Which AI is hungrier for food?

Key words: nutrition detection, food image recognition, artificial intelligence, deep learning, machine learning, food label, food apps

Purpose

Background

In the last study, we had collected images from internet sources and analyzed them by using leading image recognition services: Google Vision, Amazon Rekognition, Microsoft Computer Vision and Instagaze. We concluded that Instagaze had the highest image precision and label precision followed by Google Vision compared to other image recognition services.

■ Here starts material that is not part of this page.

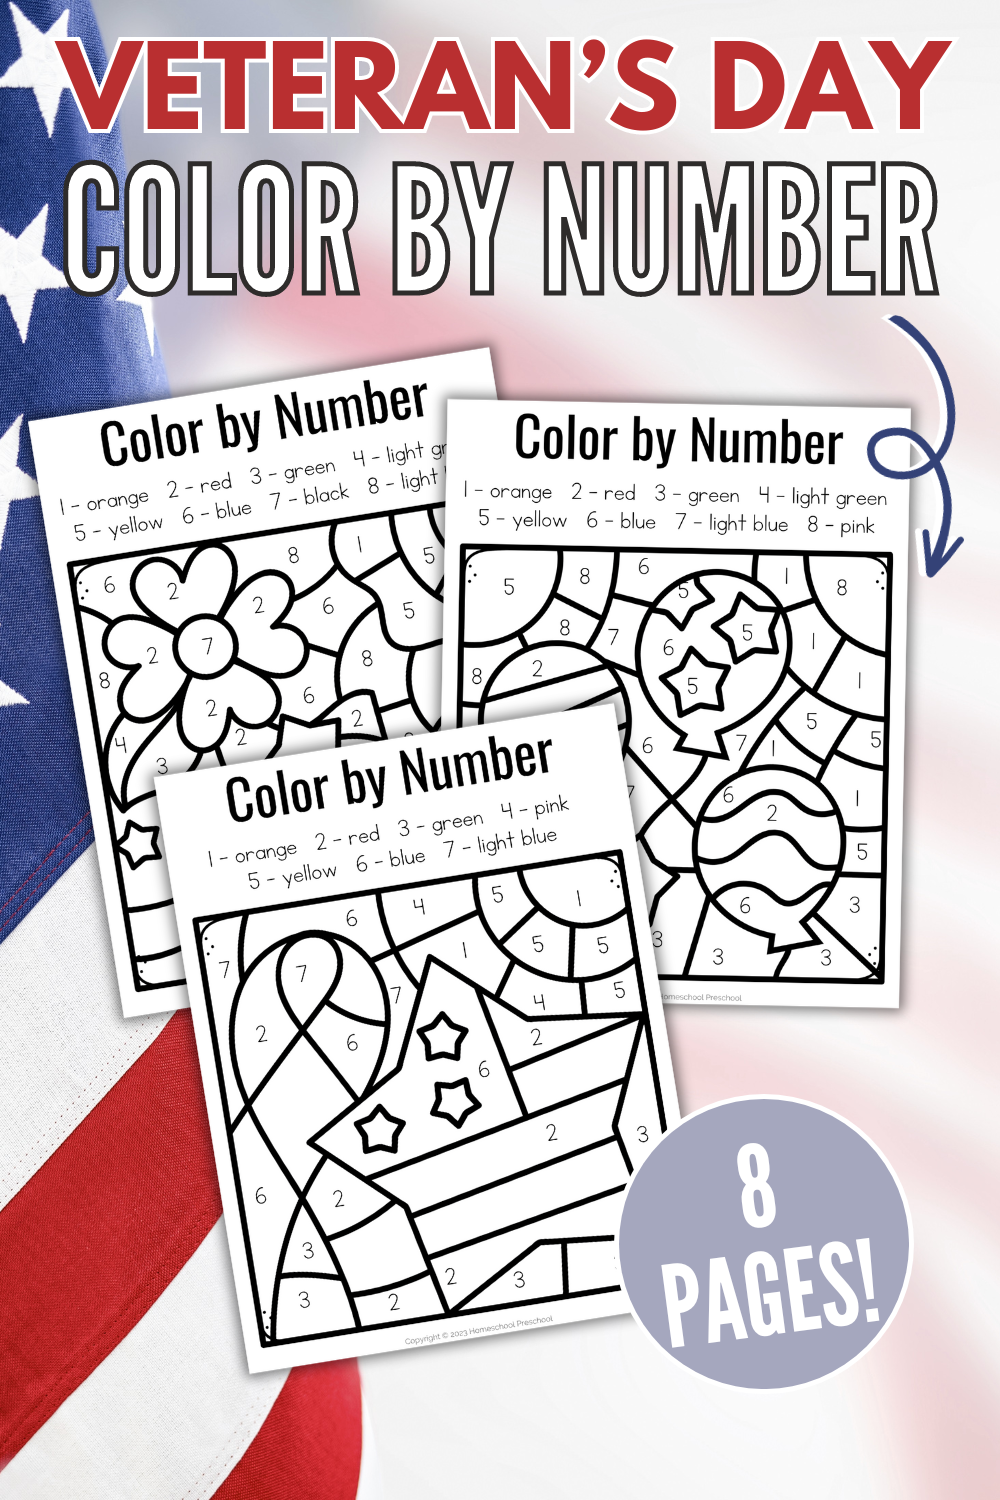 veterans-day-student-activities Veteran's Day Color by Number

Given the findings of our previous study, we tested Google Vision API with an image of cheese pizza taken from smartphone. Surprisingly, Google Vision, was unable to precisely detect a cheese pizza image taken from a smartphone when it had correctly recognized an extremely similar image from an internet source.

Figure 1: Image on the left is from internet, and image on the right is captured from smartphone showing corresponding labels generated from Google Vision for a slice of pizza

Food image recognition is challenging due to the nature of food items. The advancements in the food image label detection has been scanty. Foods are typically deformable objects, which makes the process of defining their structure difficult. Furthermore, there is only limited information that can be gained from food images; such as food color, food is well-lit and food’s density. Despite these obstacles, deep neural networks have outperformed traditional approaches but can become biased and unreliable in real world if trained on professionally curated images.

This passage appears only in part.